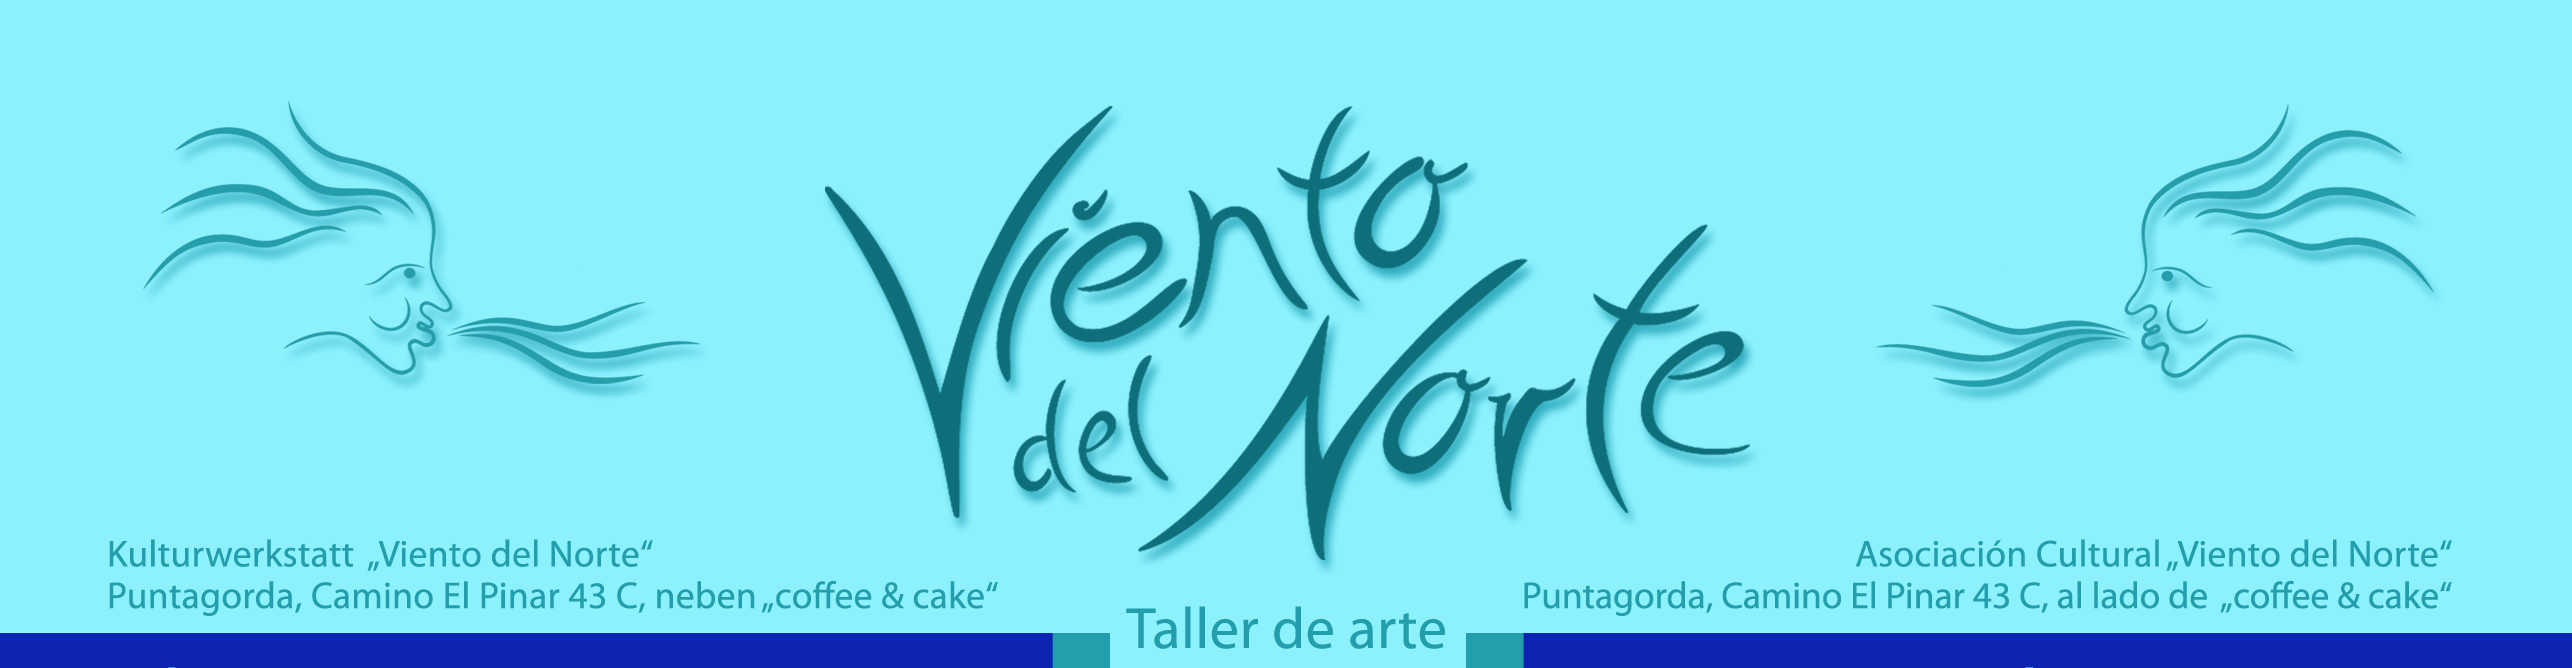 Kulturwerkstatt Viento del Norte Puntagorda
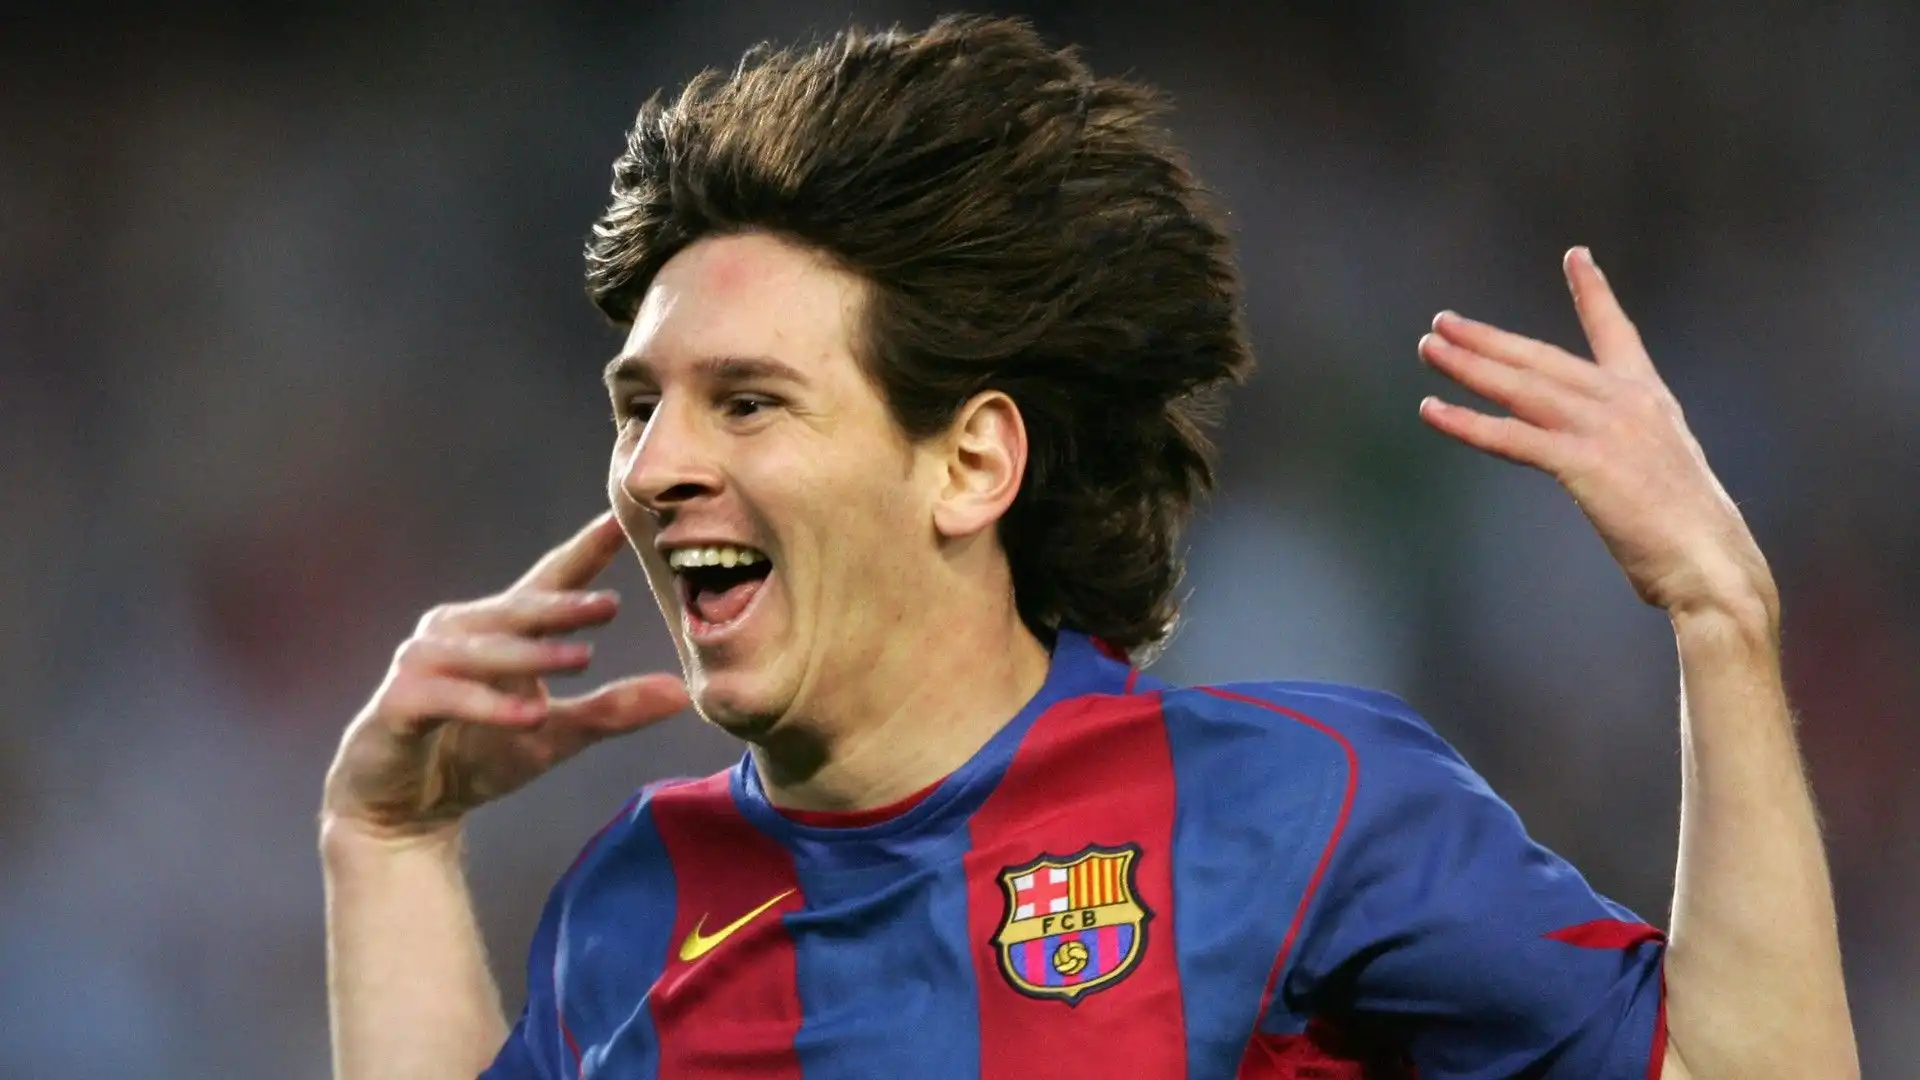 Con quale numero di maglia ha esordito Messi al Barcellona?
A- 30
B- 99
C- 10
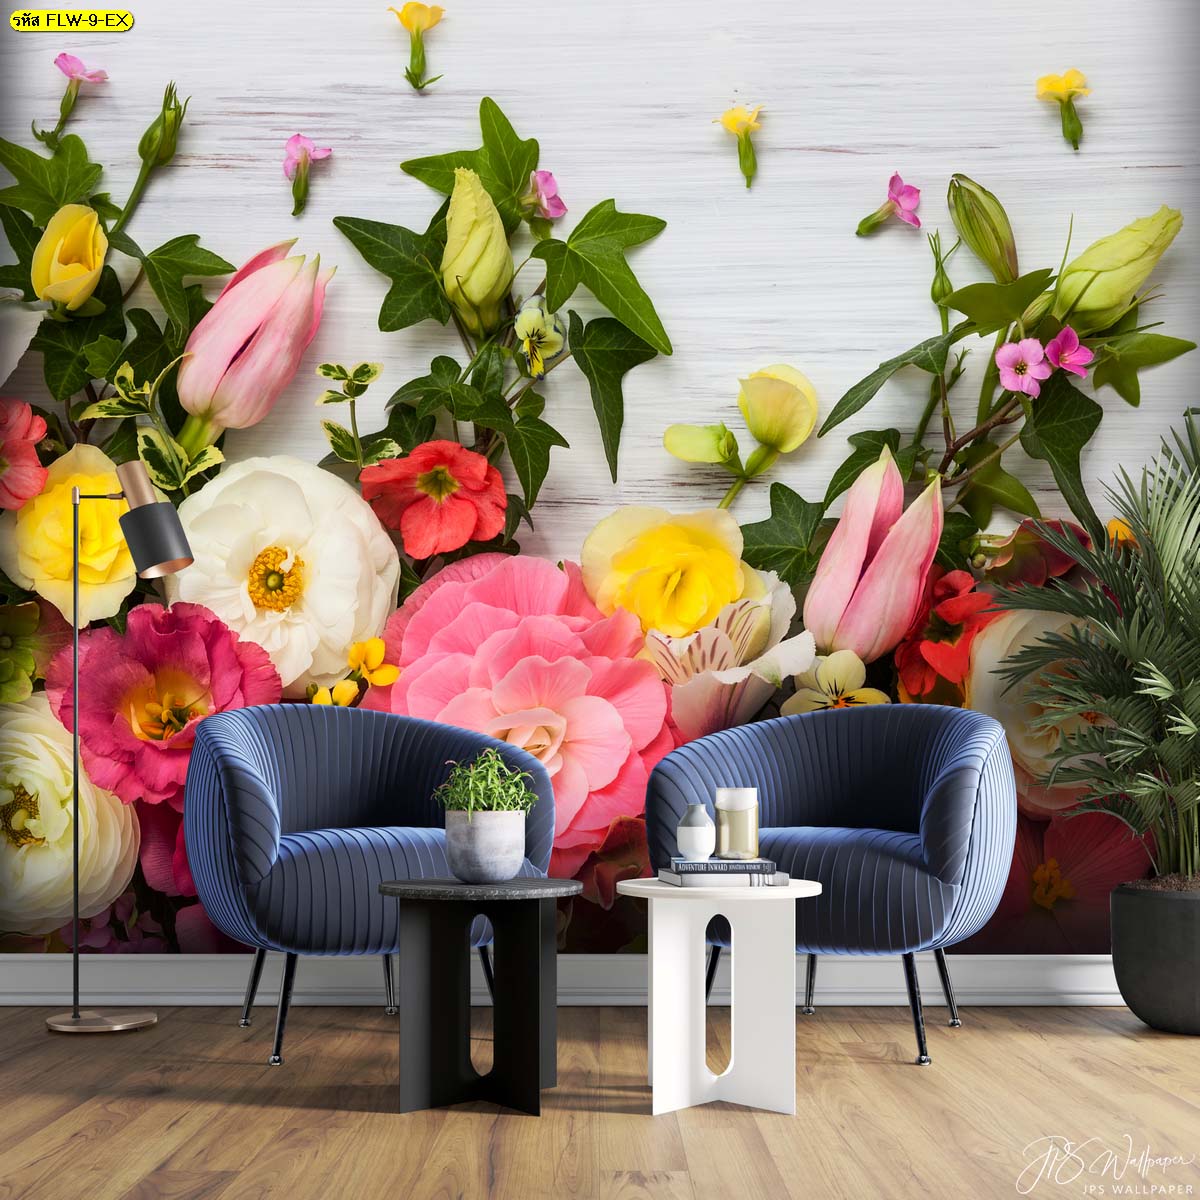 รูปภาพสั่งทำติดผนังภาพถ่ายดอกไม้ ดอกไม้สีสันสดใส ตกแต่งห้องนั่งเล่น

▸ WHAT IS NEEDED: What is needed is an exact copy of all the records, minus any pictures.

▸ RESULT OF THIS TASK:
 Kulturwerkstatt Viento del Norte Puntagorda
 Con quale numero di maglia ha esordito Messi al Barcellona?
A- 30
B- 99
C- 10
 รูปภาพสั่งทำติดผนังภาพถ่ายดอกไม้ ดอกไม้สีสันสดใส ตกแต่งห้องนั่งเล่น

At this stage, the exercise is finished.